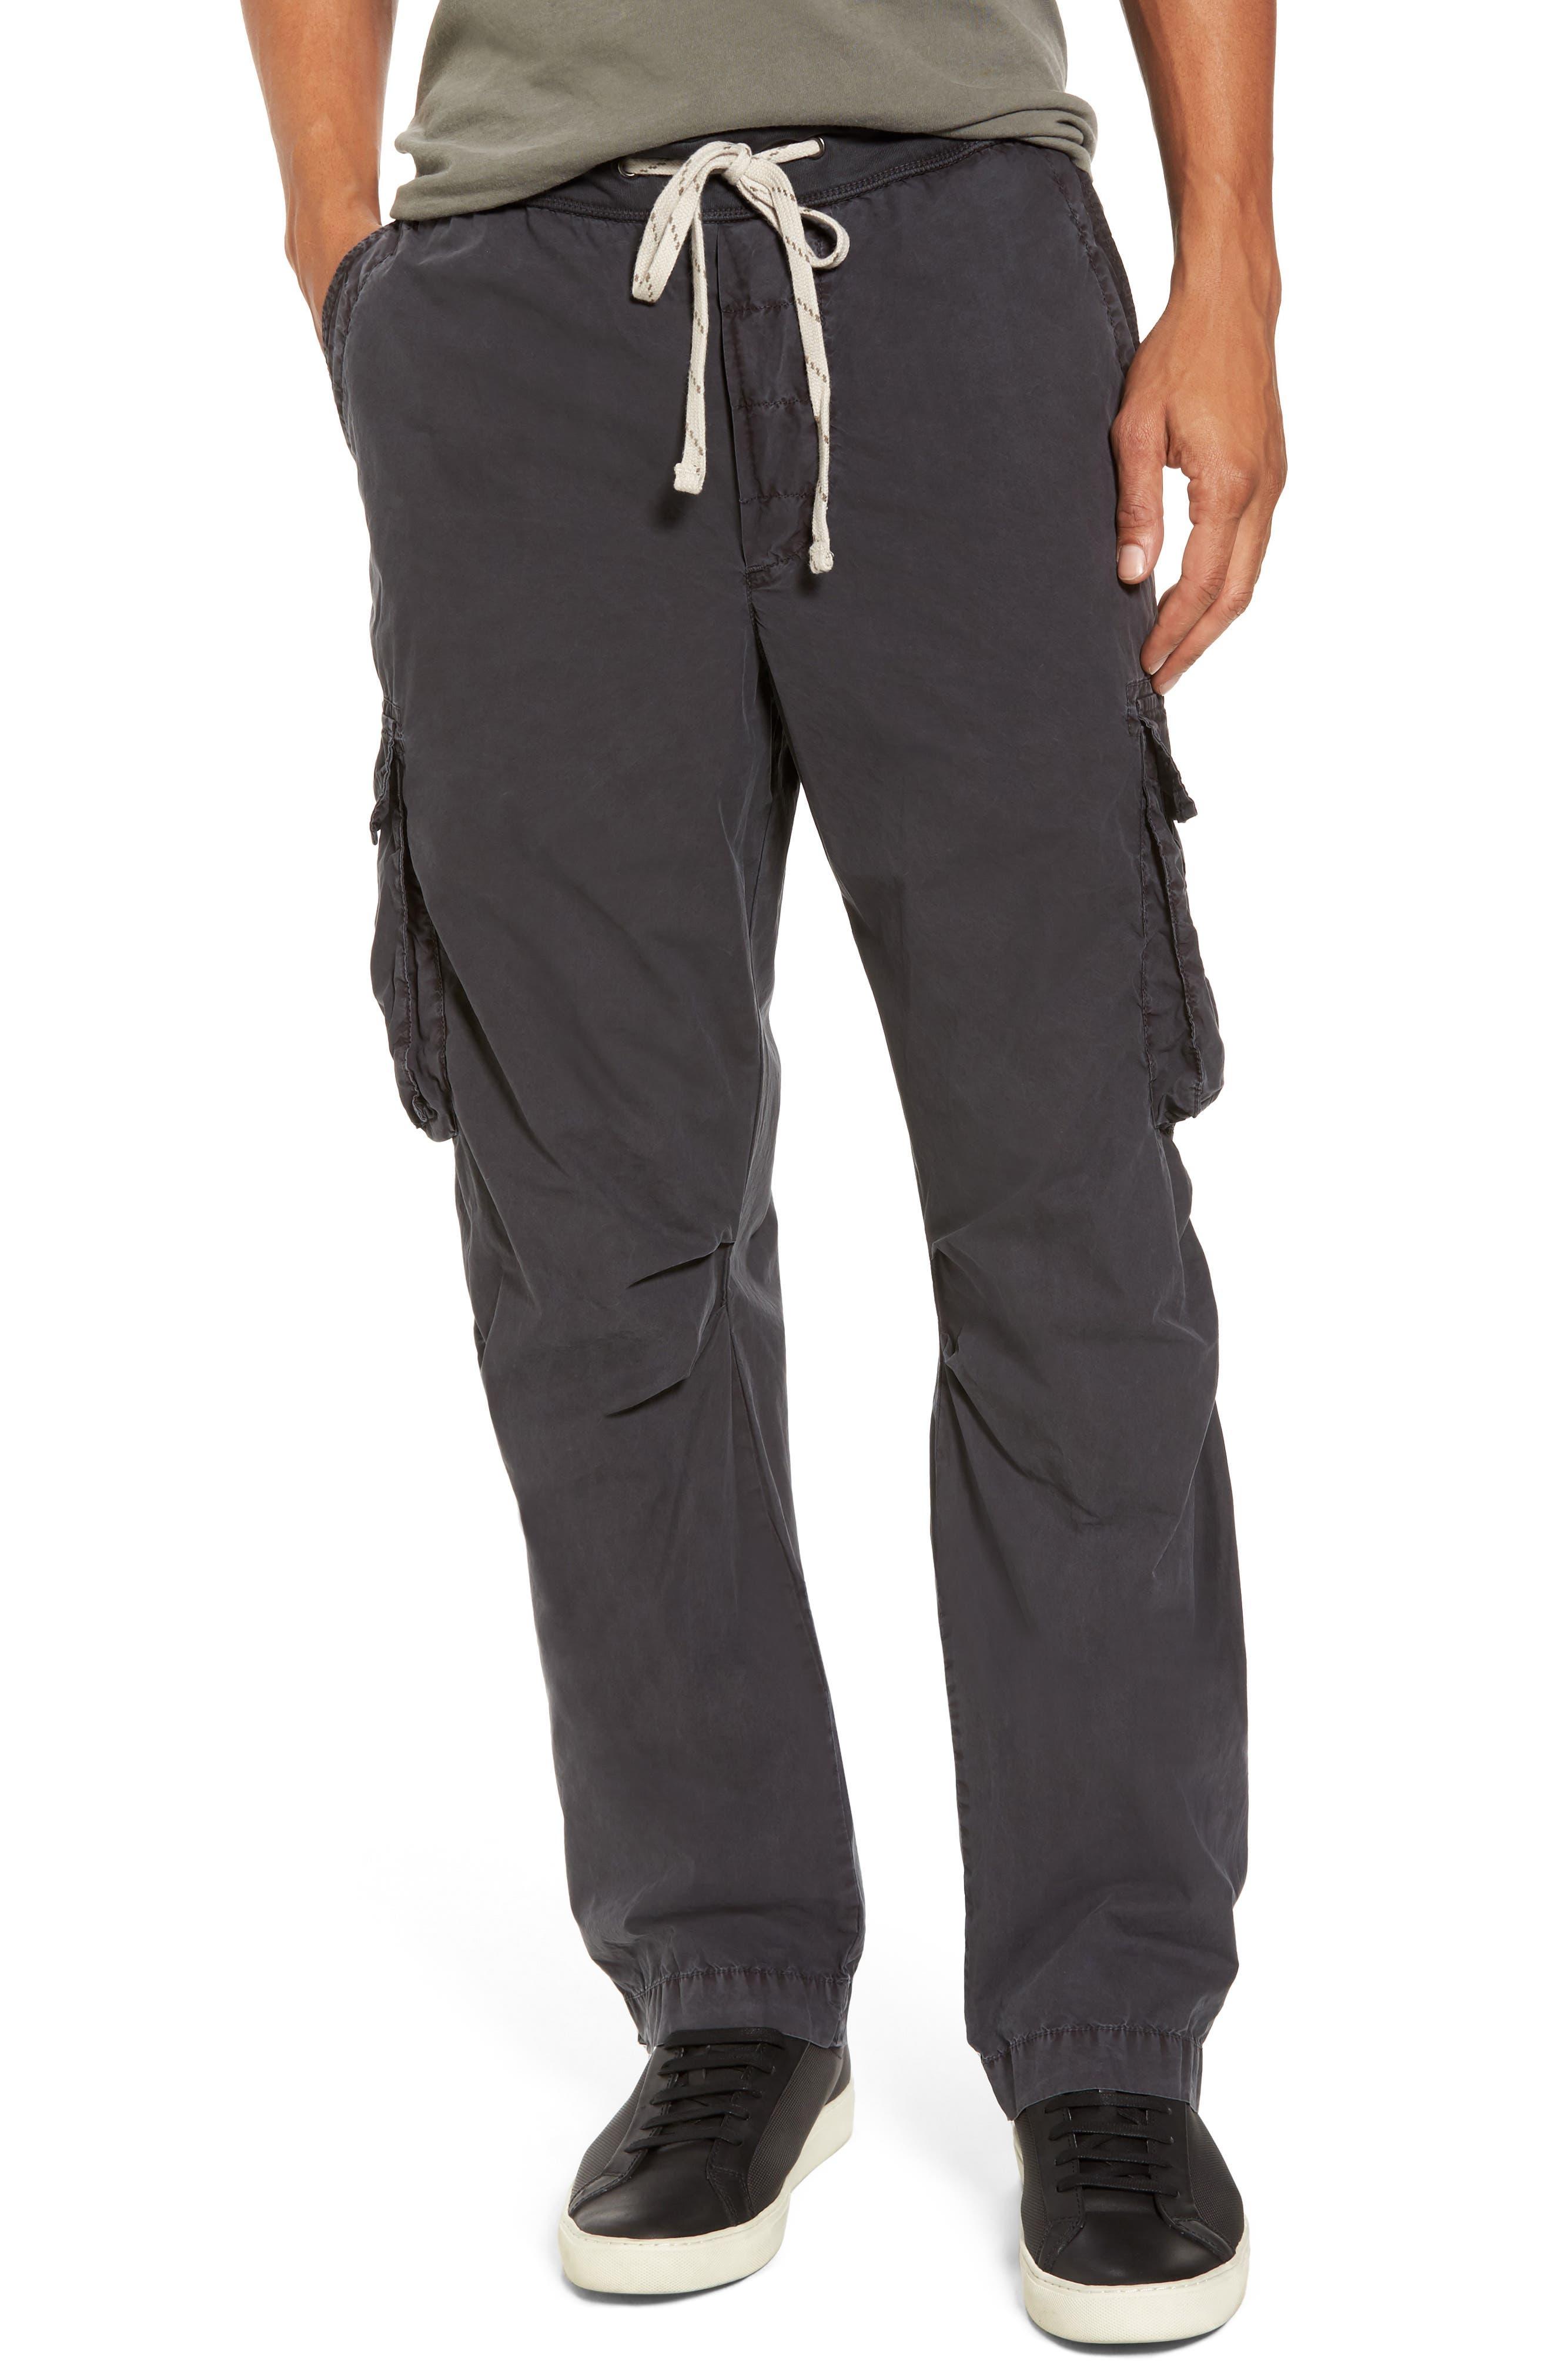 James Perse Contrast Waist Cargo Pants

━━━━

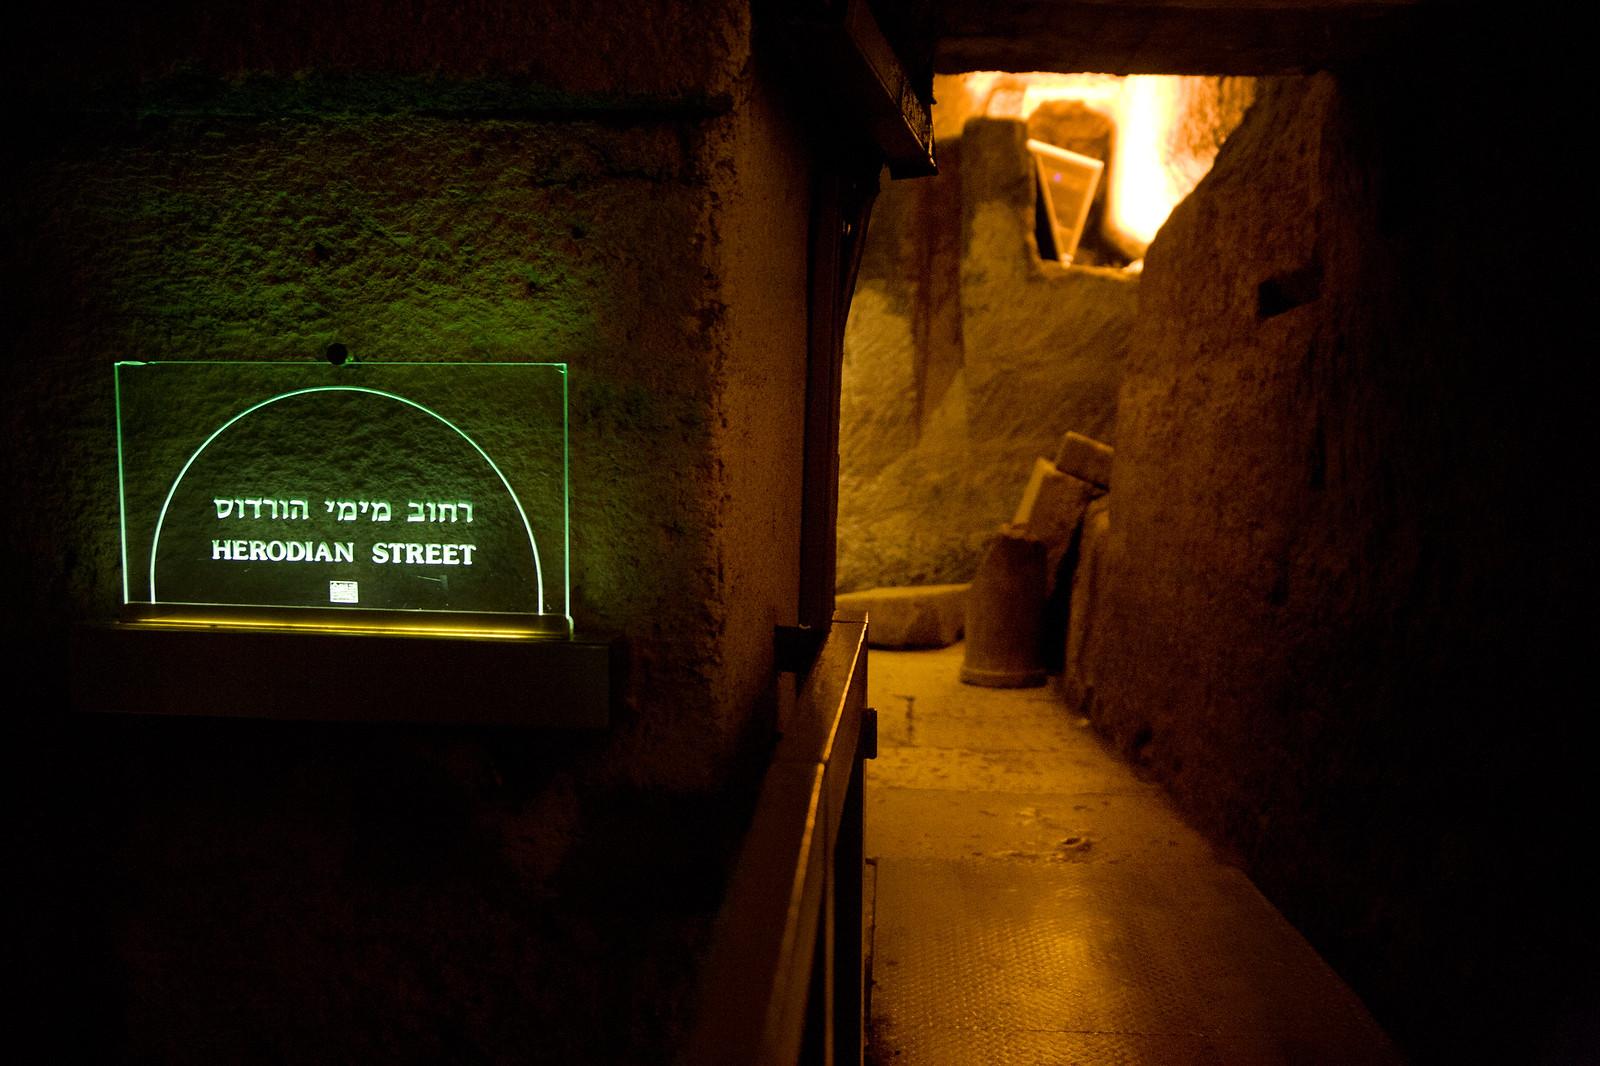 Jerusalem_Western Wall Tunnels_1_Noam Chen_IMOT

━━━━

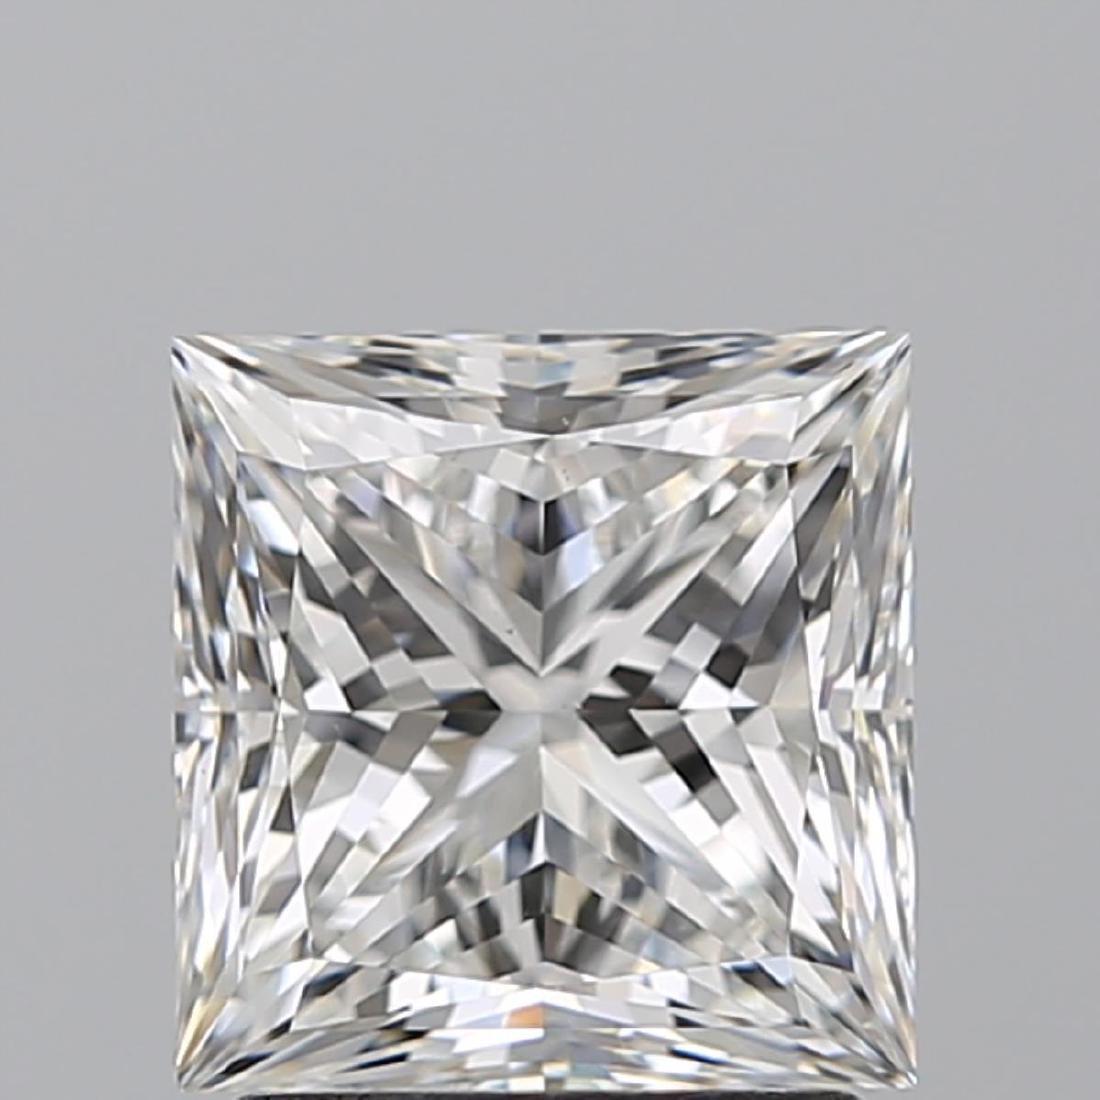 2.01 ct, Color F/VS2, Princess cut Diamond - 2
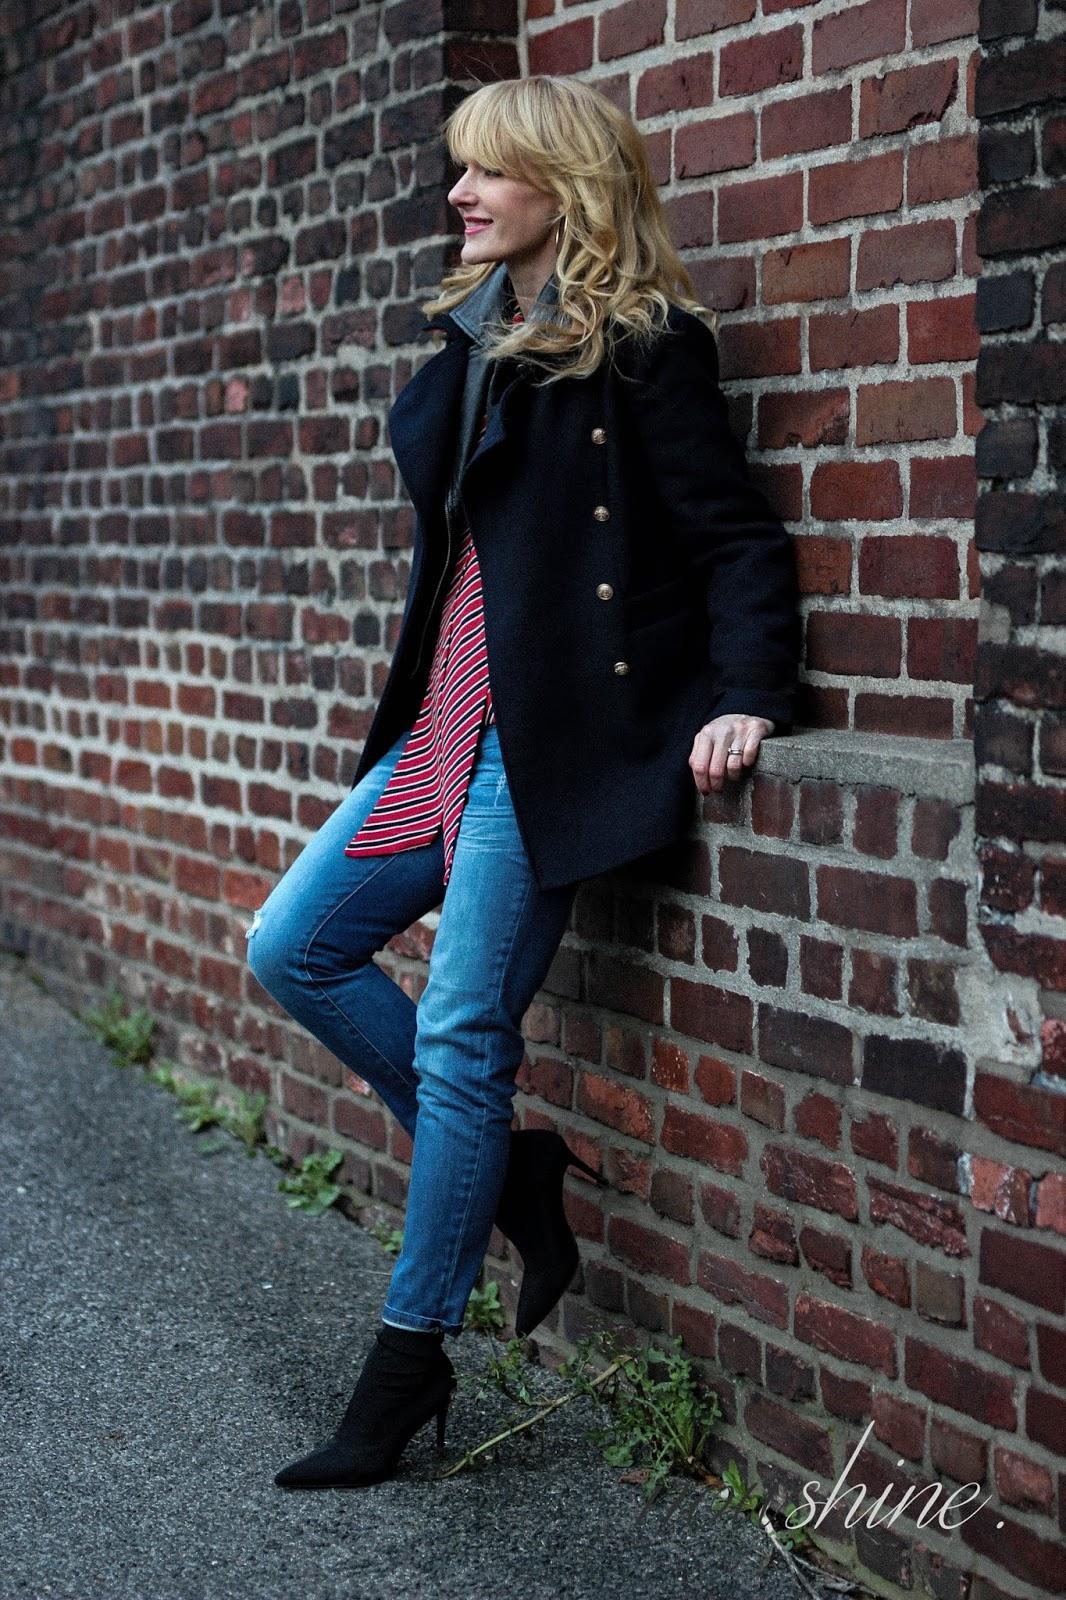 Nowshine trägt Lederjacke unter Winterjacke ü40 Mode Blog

━━━━

Would you output only the span of the records above that opens with the line containing "2.01 ct, Color" and closes with the line containing "Nowshine trägt Lederjacke", ends included and pictures dropped?

**Solution to the exercise**
 2.01 ct, Color F/VS2, Princess cut Diamond - 2
 Nowshine trägt Lederjacke unter Winterjacke ü40 Mode Blog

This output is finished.